Civil parish in Cumbria, England

Barton and Pooley Bridge is a civil parish in Westmorland and Furness, Cumbria, England. The parish is on the edge of the Lake District National Park, and had a population of 232 according to the 2001 census, increasing slightly to 238 at the 2011 Census. The parish includes the village of Pooley Bridge, the small hamlet of Barton, and part of Ullswater, and extends south as far as Loadpot Hill. It has an area of 16.95 sqkm and a 2011 population density of 14/sqkm (36/sqmi). The parish was renamed from "Barton" to "Barton and Pooley Bridge" on 1 April 2019.

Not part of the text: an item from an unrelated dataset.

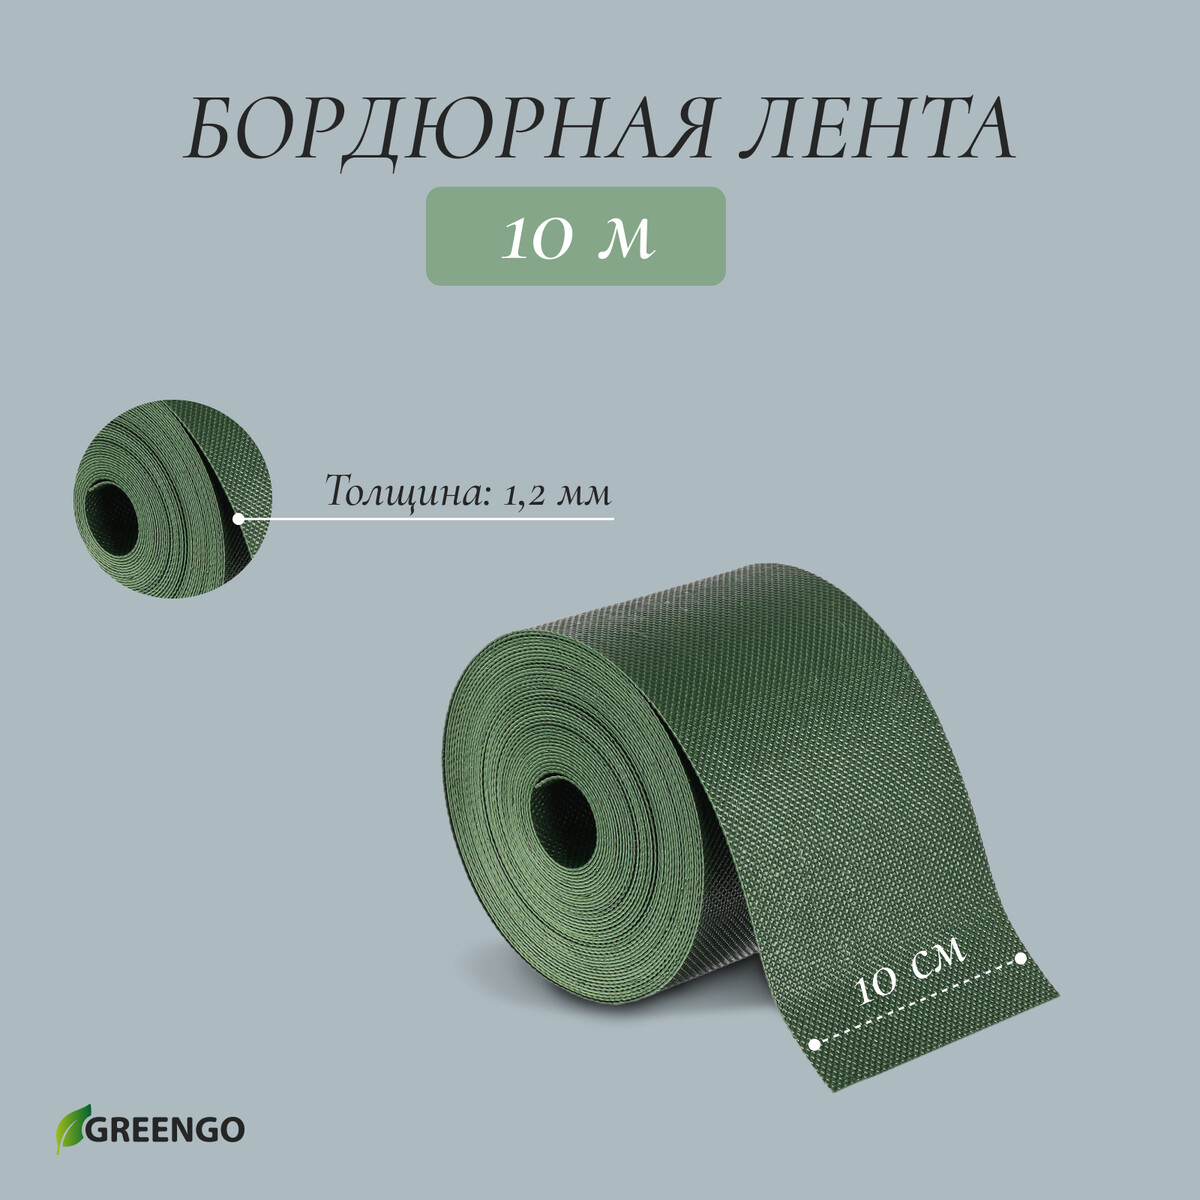 Лента бордюрная, 0.1 × 10 м, толщина 1.2 мм, пластиковая, зеленая, greengo лента бордюрная 0 15 × 9 м толщина 1 2 мм пластиковая фигурная зеленая

The parish was once much bigger and included the present civil parishes of Patterdale, Yanwath and Eamont Bridge and Sockbridge and Tirril.

==Toponymy==
Whaley suggests that 'Barton' is 'the barley farm or outlying grange', from OE 'beretūn' or, more probably, 'bærtūn', which was used of farms, especially outliers of large estates, used for storing crops." OE=Old English.

==Governance==
The parish has a parish council, the lowest tier of local government.

It was in the Askham ward of Eden District until 2023. It is within the parliamentary constituency of Westmorland and Lonsdale.